Our visual system has learned to treat these groups of letters as bona fide units, to the point where we no longer pay attention to their actual letter content. Let us do a simple experiment to prove this point. Examine the following list of words and mark those that contain the letter “a”:
Did you feel that you had to slow down, ever so slightly, for the last three words, “coat,” “please,” and “meat”? They all contain the letter “a,” but it is embedded in a complex grapheme that is not pronounced like an “a.” If we were to rely only on letter detectors in order to detect the letter “a,” the parsing of the word into its graphemes would not matter. However, actual measurement of response times clearly shows that our brain does not stop at the single-letter level. Our visual system automatically regroups letters into higher-level graphemes, thus making it harder for us to see that groups of letters such as “ea” actually contain the letter “a.”20
In turn, graphemes are automatically grouped into syllables. Here is another simple demonstration of this fact. You are going to see five-letter words. Some letters are in bold type, others in a normal font. Concentrate solely on the middle letter, and try to decide if it is printed in normal or in bold type:
List 1: HORNY RIDER GRAVY FILET
List 2: VODKA METRO HANDY SUPER
Did you feel that the first list was slightly more difficult than the second? In the first list, the bold characters do not respect syllable boundaries—in “RIDER,” for instance, the “D” is printed in bold type while the rest of the syllable is in normal type. Our mind tends to group together the letters that make up a syllable, thus creating a conflict with the bold type that leads to a measurable slowing down of responses.21 This effect shows that our visual system cannot avoid automatically carving up words into their elementary constituents even when it would be better not to do so.
The nature of these constituents remains a hot topic in research. It would appear that multiple levels of analysis can coexist: a single letter at the lowest level, then a pair of letters (or “bigram,” an important unit to which we will return later), the grapheme, the syllable, the morpheme, and finally the whole word. The final point in visual processing leaves the word parsed out into a hierarchical structure, a tree made up of branches of increasing sizes whose leaves are the letters.
Reduced to a skeleton, stripped of all its irrelevant features like font, case, and size, the letter string is thus broken down into the elementary components that will be used by the rest of the brain to compute sound and meaning.
The Silent Voice
Writing—this ingenious art to paint words and speech for the eyes.
—GEORGES DE BRÉBEUF (FRENCH POET, 1617–1661)
When he paid a visit to Ambrose, then bishop of Milan, Augustine observed a phenomenon that he judged strange enough to be worth noting in his memoirs:
When [Ambrose] read, his eyes scanned the page and his heart sought out the meaning, but his voice was silent and his tongue was still.

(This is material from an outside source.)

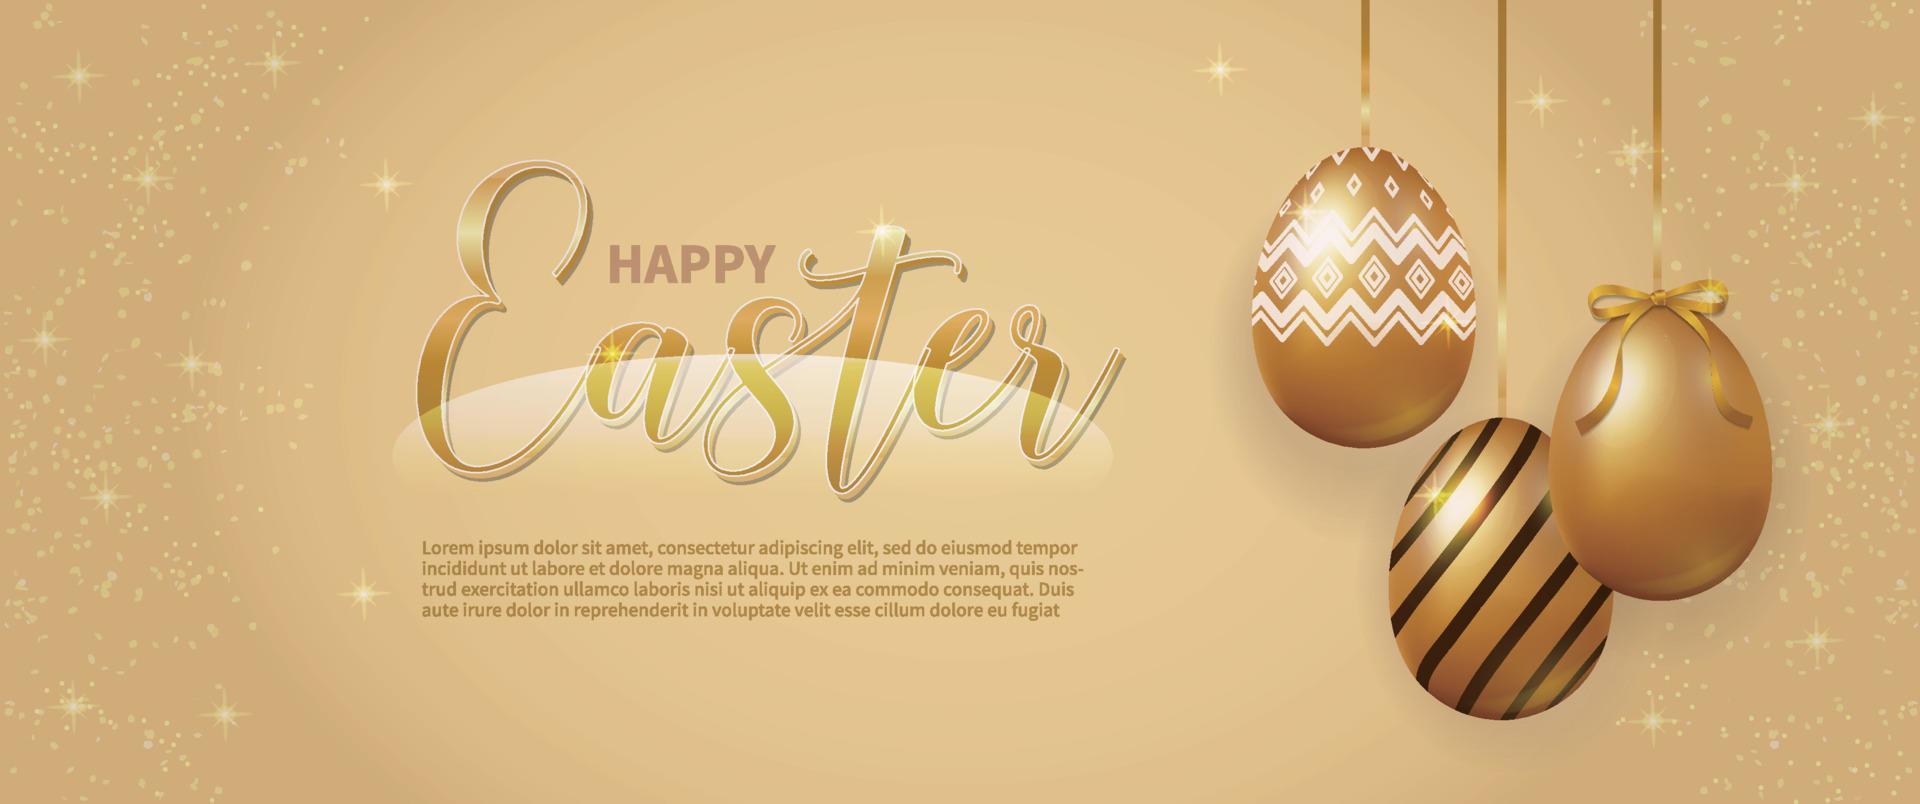 Golden happy easter egg banner vector

Anyone could approach him freely and guests were not commonly announced, so that often, when we came to visit him, we found him reading like this in silence, for he never read aloud.22
In the middle of the seventh century, the theologian Isidore of Seville similarly marveled that “letters have the power to convey to us silently the sayings of those who are absent.” At the time, it was customary to read Latin aloud. To articulate sounds was a social convention, but also a true necessity: confronted with pages in which the words were glued together, without spaces, in a language that they did not know well, most readers had to mumble through the texts like young children. This is why Ambrose’s silent reading was so surprising, even if for us it has become a familiar experience: we can read without articulating sounds.

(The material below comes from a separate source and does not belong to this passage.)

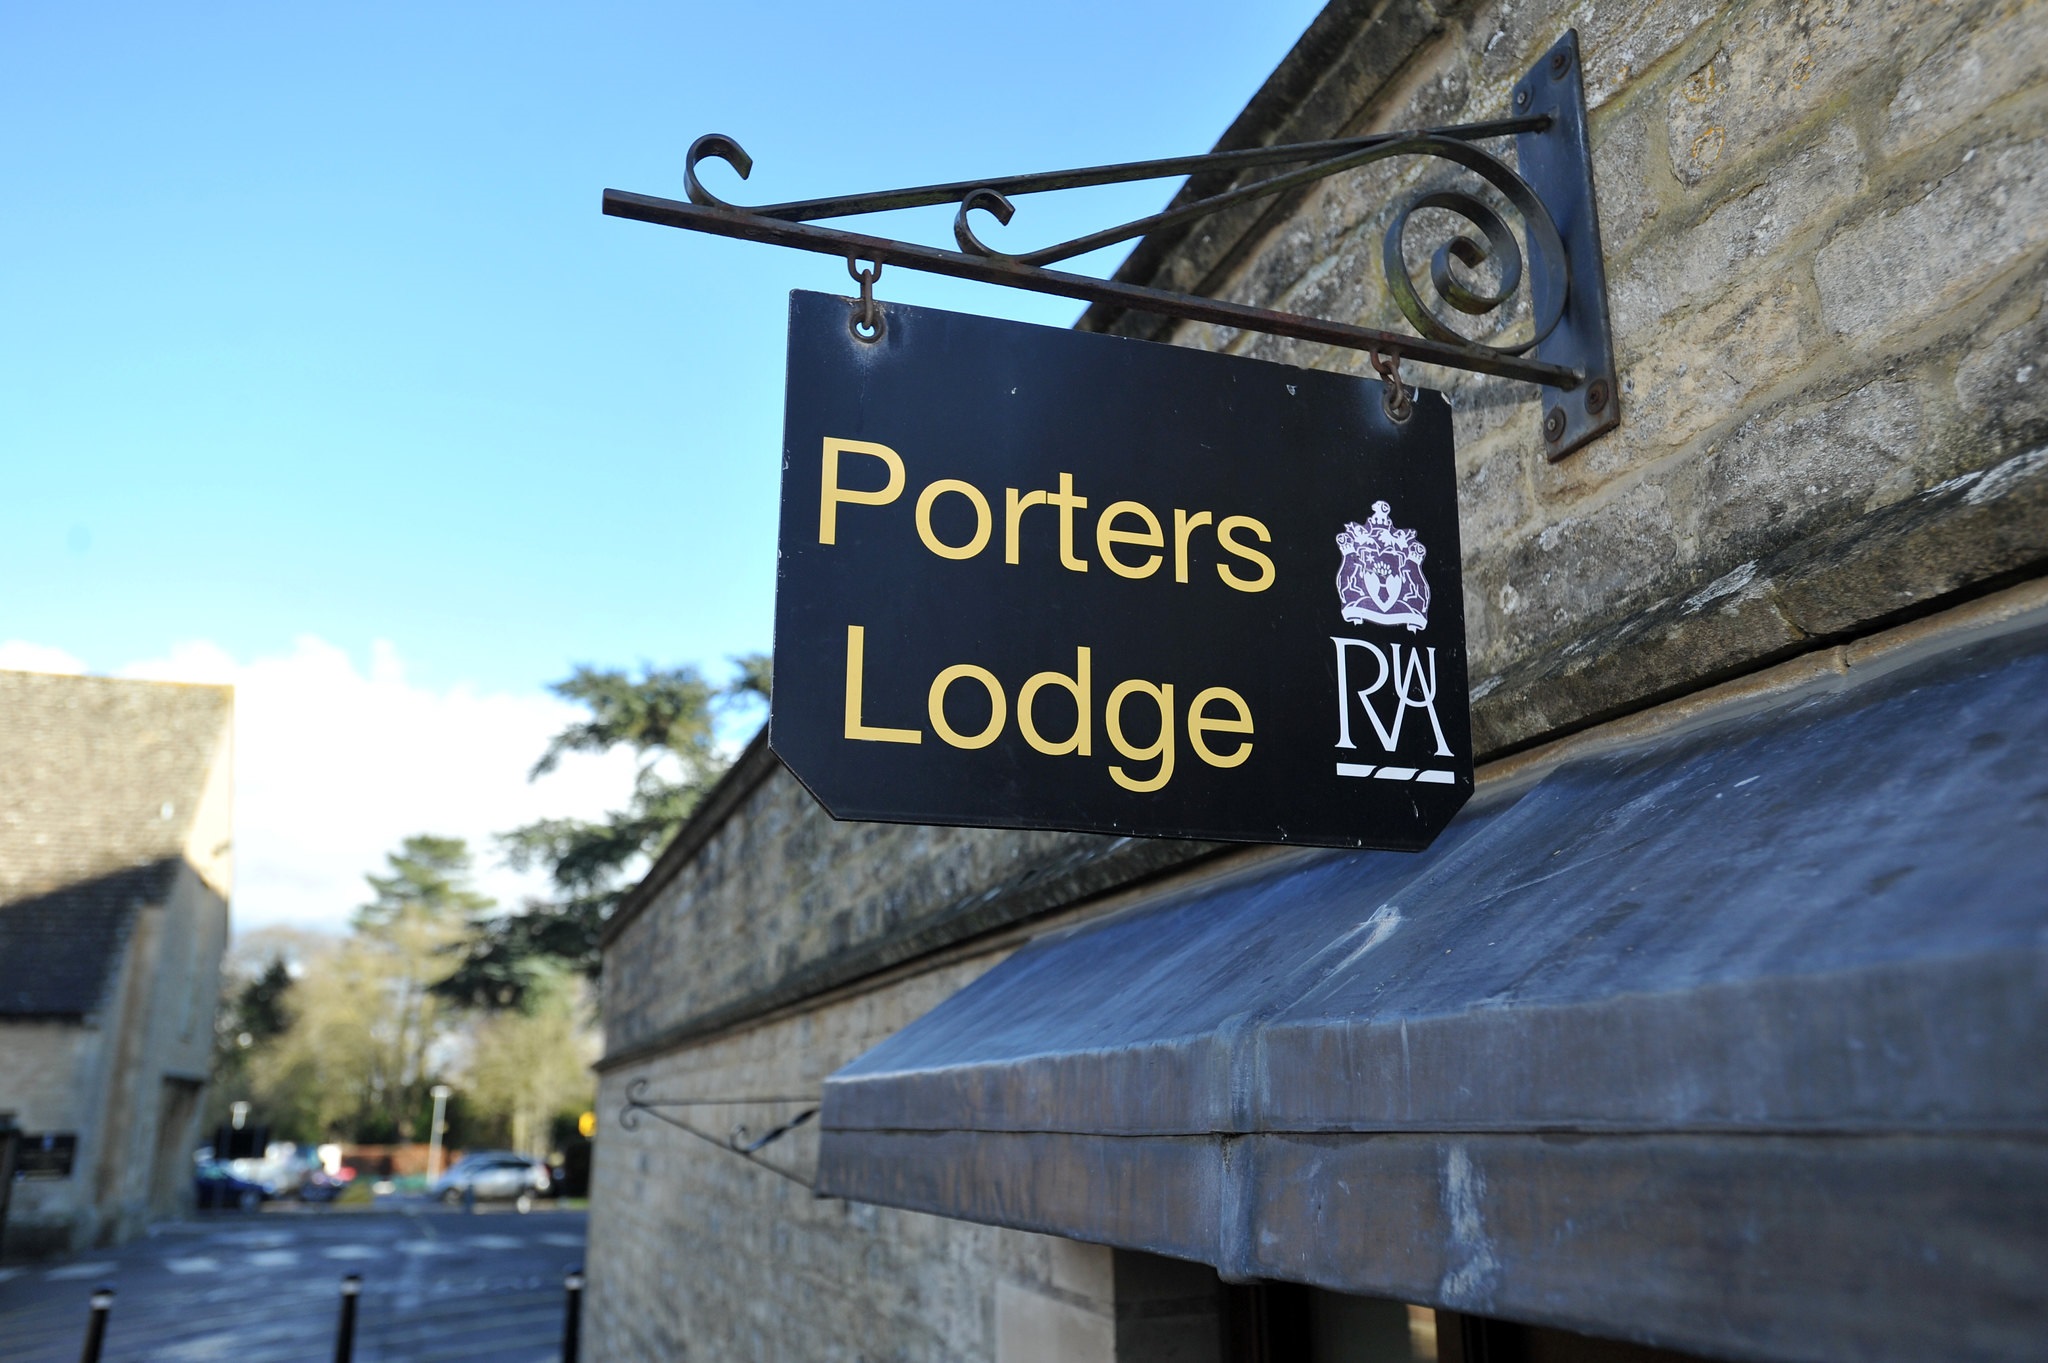 Porters Lodge

Whether our mind ever goes straight from the written word to its meaning without accessing pronunciation or whether it unconsciously transforms letters into sound and then sound into meaning has been the topic of considerable discussion The organization of the mental pathways for reading fueled a debate that divided the psychological community for over thirty years. Some thought that the transformation from print to sound was essential—written language, they argued, is just a by-product of spoken language, and we therefore have to sound the words out, through a phonological route, before we have any hope of recovering their meaning. For others, however, phonological recoding was just a beginner’s trait characteristic of young readers. In more expert readers, reading efficiency was based on a direct lexical route straight from the letter string to its meaning.
Nowadays, a consensus has emerged: in adults, both reading routes exist, and both are simultaneously active. We all enjoy direct access to word meaning, which spares us from pronouncing words mentally before we can understand them. Nevertheless, even proficient readers continue to use the sounds of words, even if they are unaware of it. Not that we articulate words covertly—we do not have to move our lips, or even prepare an intention to do so. At a deeper level, however, information about the pronunciation of words is automatically retrieved. Both the lexical and phonological pathways operate in parallel and reinforce each other.

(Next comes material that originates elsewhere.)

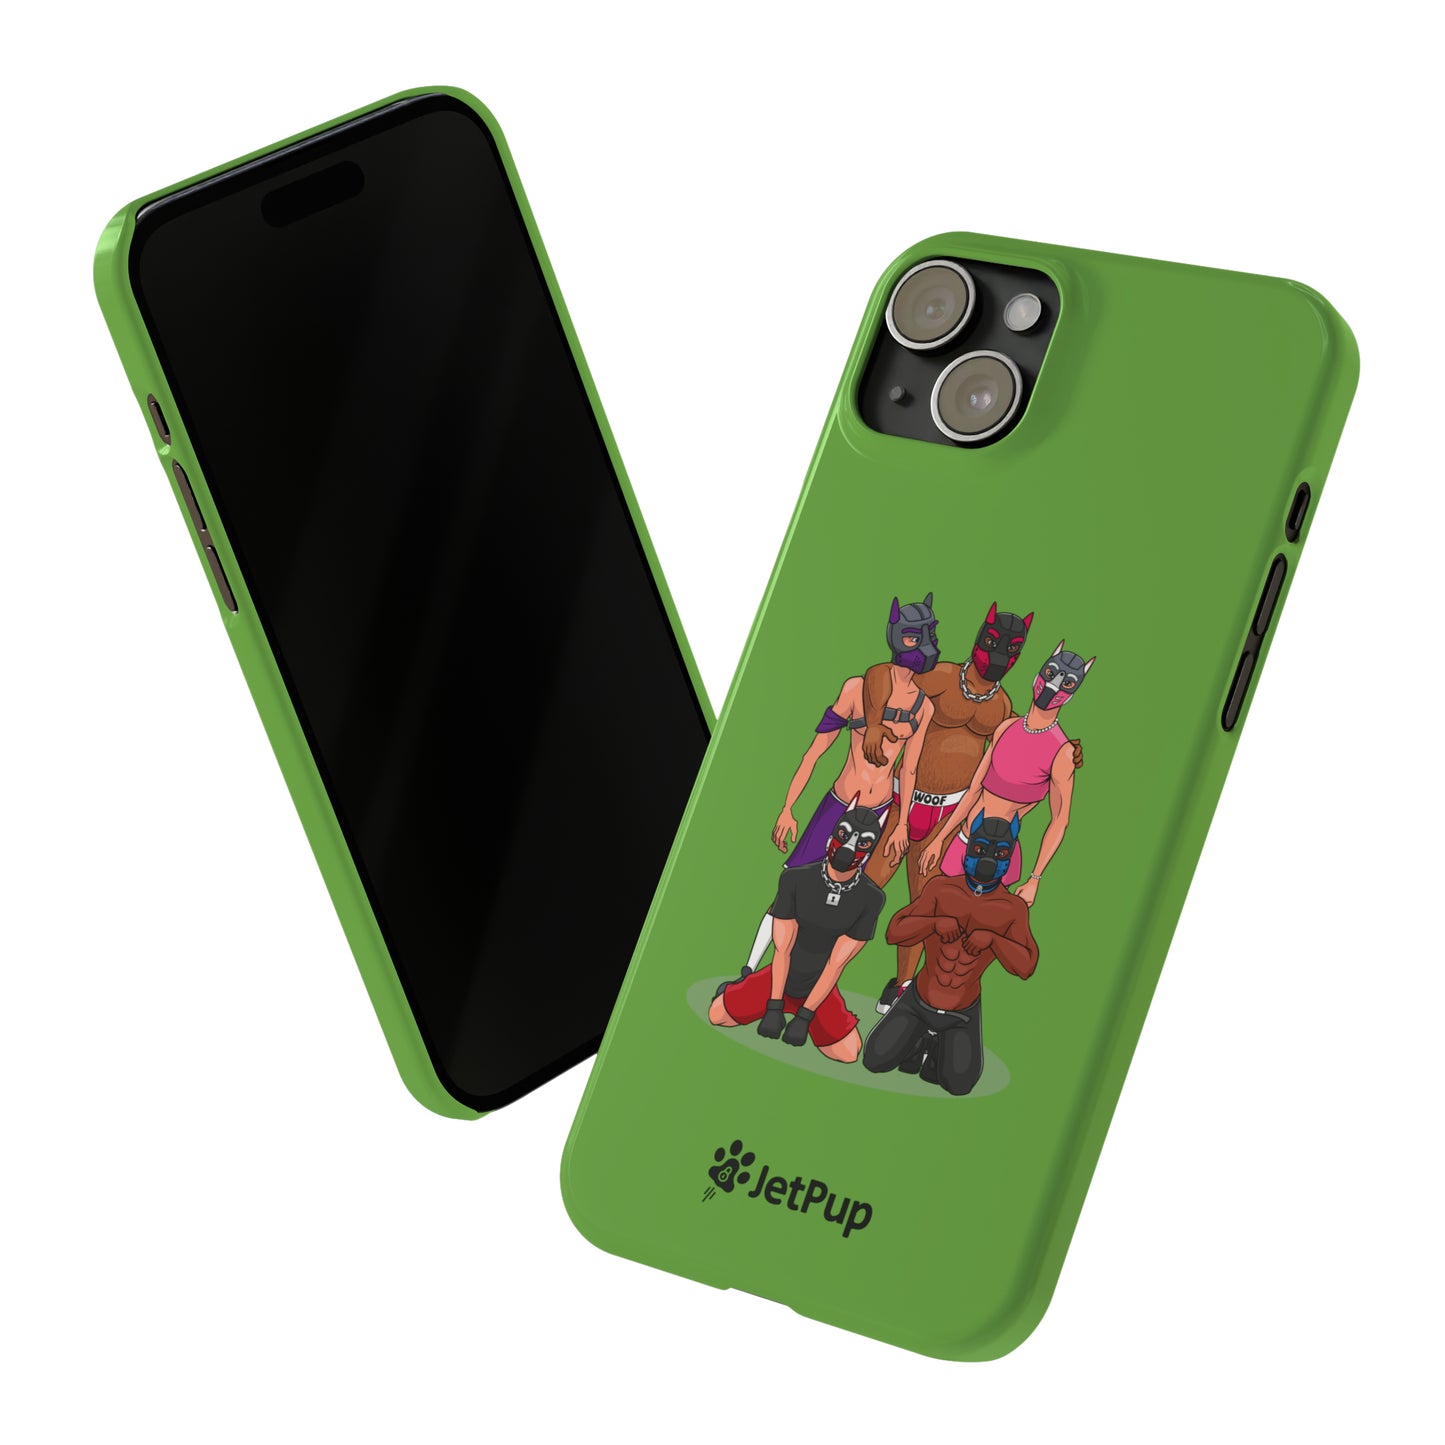 JetPack Slim iPhone Cases - Green

There is abundant proof that we automatically access speech sounds while we read. Imagine, for instance, that you are presented with a list of strings and have to decide whether each one is a real English word or not. Mind you, you only have to decide if the letters spell out an English word. Here you go:
You perhaps hesitated when the letters sounded like a real word—as in “demon,” “carpet,” or “knee.” This interference effect can easily be measured in terms of response times. It implies that each string is converted into a sequence of sounds that is evaluated like a real word, even though the process goes against the requested task.23
Mental conversion into sound plays an essential role when we read a word for the first time—say, the string “Kalashnikov.” Initially, we cannot possibly access its meaning directly, since we have never seen the word spelled out. All we can do is convert it into sound, find that the sound pattern is intelligible, and, through this indirect route, come to understand the new word. Thus, sounding is often the only solution when we encounter a new word. It is also indispensable when we read misspelled words. Consider the little-known story by Edgar Allan Poe called “The Angel of the Odd.” In it, a strange character mysteriously intrudes into the narrator’s apartment, “a personage nondescript, although not altogether indescribable,” and with a German accent as thick as British fog:
“Who are you, pray?” said I, with much dignity, although somewhat puzzled; “how did you get here? And what is it you are talking about?”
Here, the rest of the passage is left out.